Negative Stützlasten treten bei unterschiedlichen Gerätekombinationen und Arbeitssituationen auf. Nicht beim Fahrbetrieb auf der öffentlichen Straße (Geschwindigkeit hoch), wohl aber beim Ausführen oder Vorbereiten auf die eigentliche Tätigkeit zum Beispiel bei der Feldarbeit auf dem Acker (Geschwindigkeit niedrig) oder auf der Baustelle. Dort erfahren die Niederhalter am Kugelsystem 80 dann ihre Vorschädigungen, welche beim folgenden Betrieb auf der öffentlichen Straße (Geschwindigkeit hoch) zum Ausfall führen.

Niederhalter werden für negative Stützlasten entsprechend technischer Anforderungen mit mindestens 0,6 x D-Wert dimensioniert (das entspricht mindestens 7,2 Tonnen). Größere Lasten können Verformungen verursachen, welche den Austausch des Niederhalters, nach vorausgegangener Diagnose des kompletten Kugelsystems 80, erfordern.
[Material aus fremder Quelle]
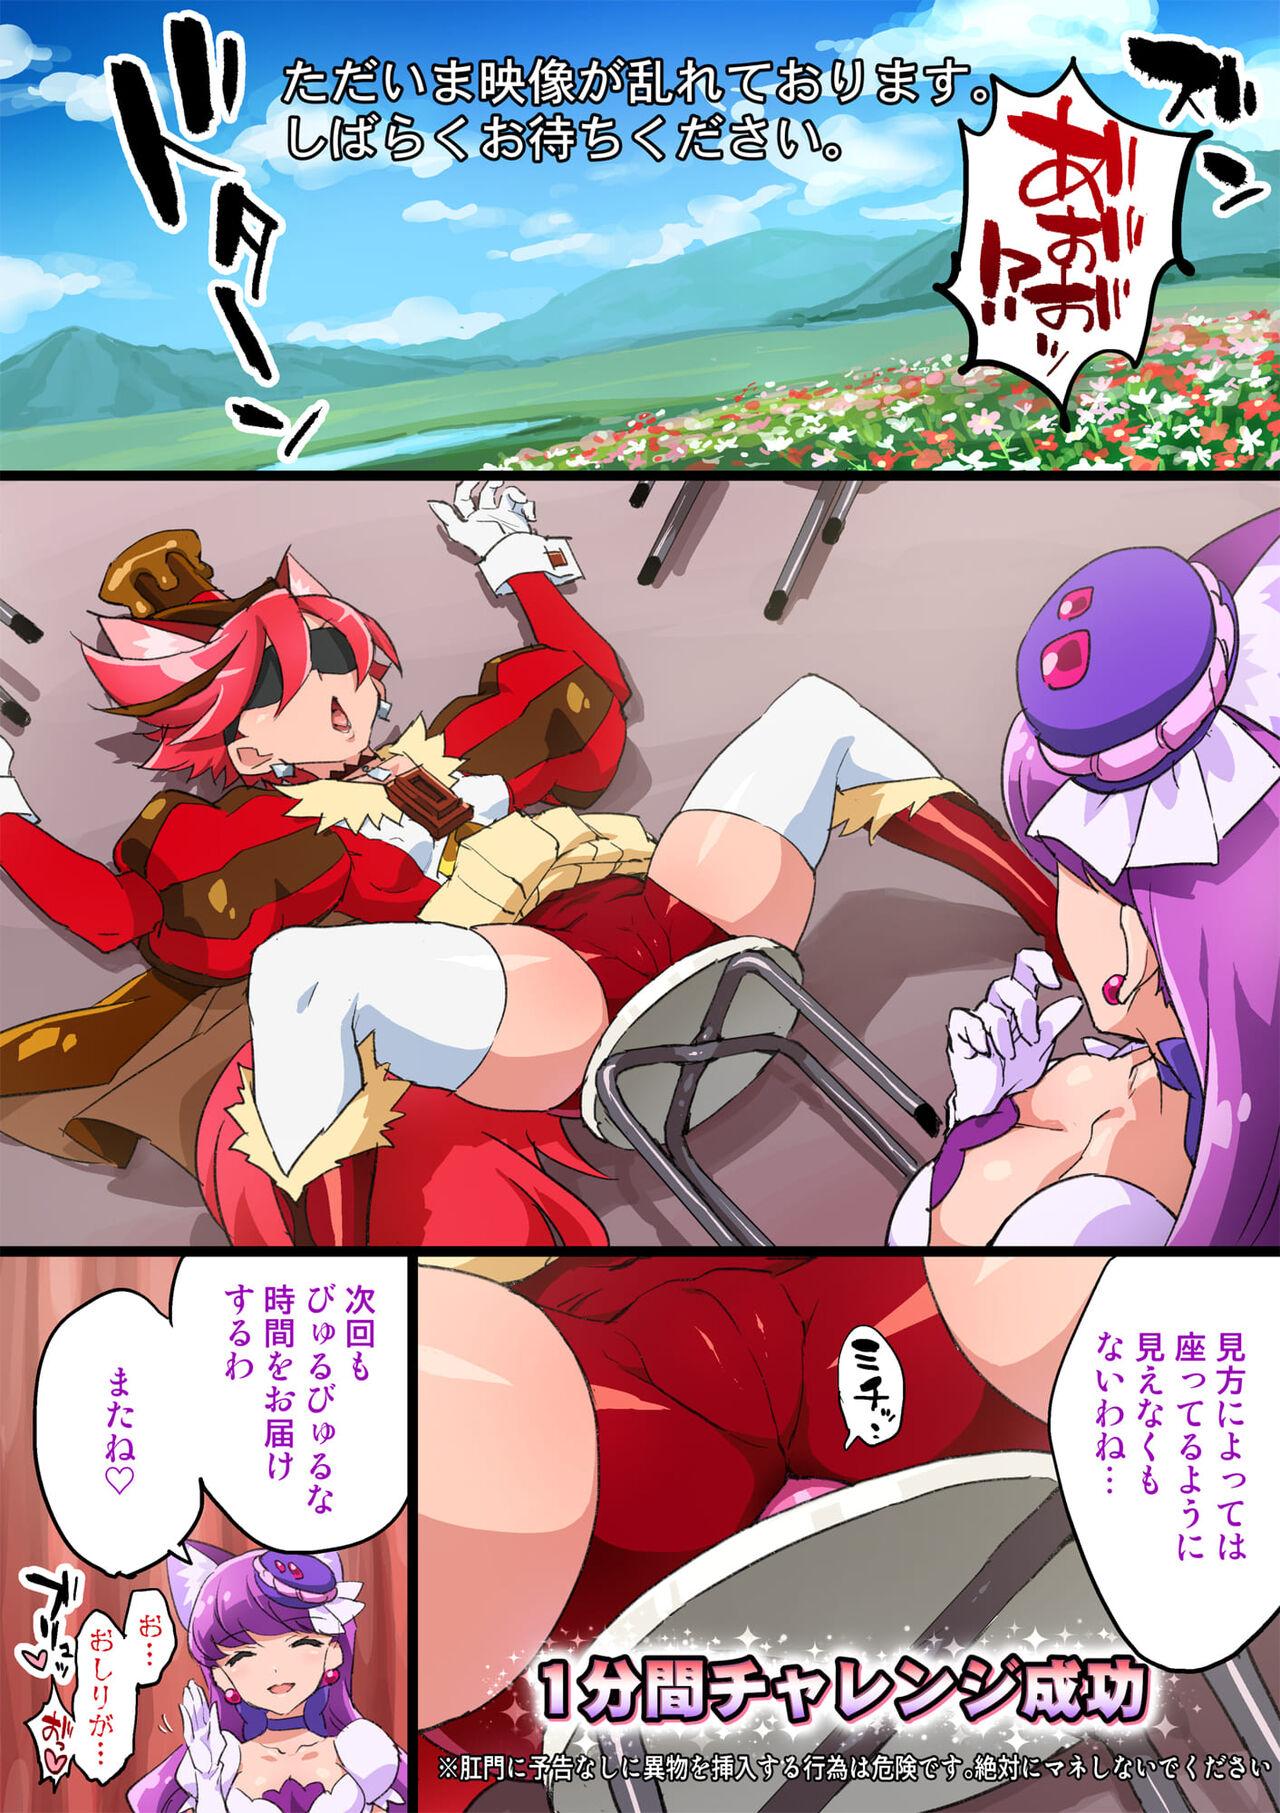 Sweet びゅるぷり#1 #2「一人椅子取りゲーム」 Chicks - Page 4
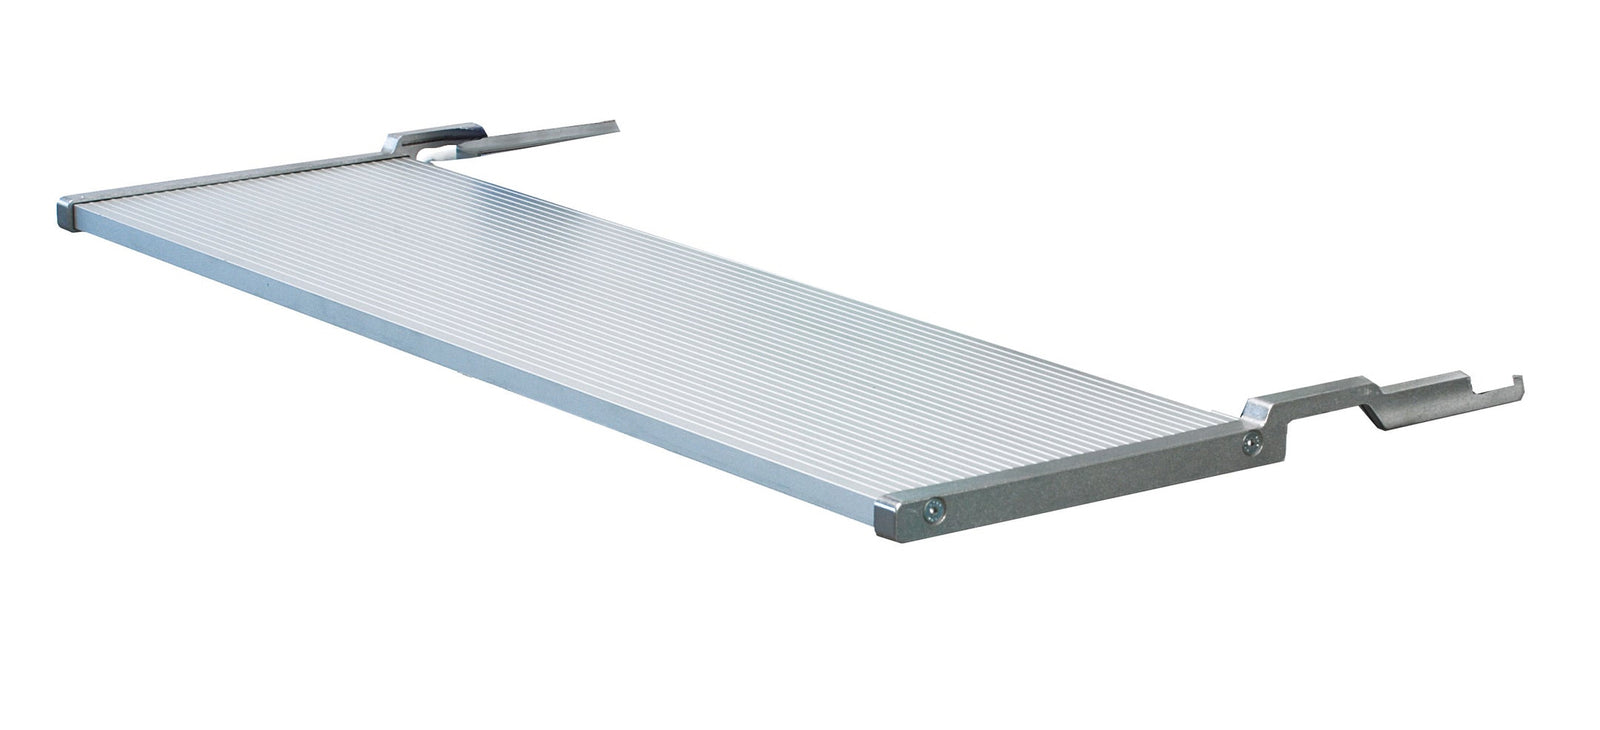 PN 1188179 - IMER Combi 250/1500 Tile Saw - Side Table Complete

Um festzustellen, ob Niederhalteeinrichtungen verformt oder vorgeschädigt sind, bietet Walterscheid eine Prüfkalotte an. Diese unterstützt herstellerunabhängig die Funktionsprüfung und Diagnostik.

Auch nach der Lektüre dieses Beitrages sollten Anwender verinnerlichen, dass Verbindungseinrichtungen mehr aushalten müssen als auf den ersten Blick erkennbar ist. Missbräuche und Fehlanwendungen führen zum Ausfall, manchmal auch mit tödlichen Folgen.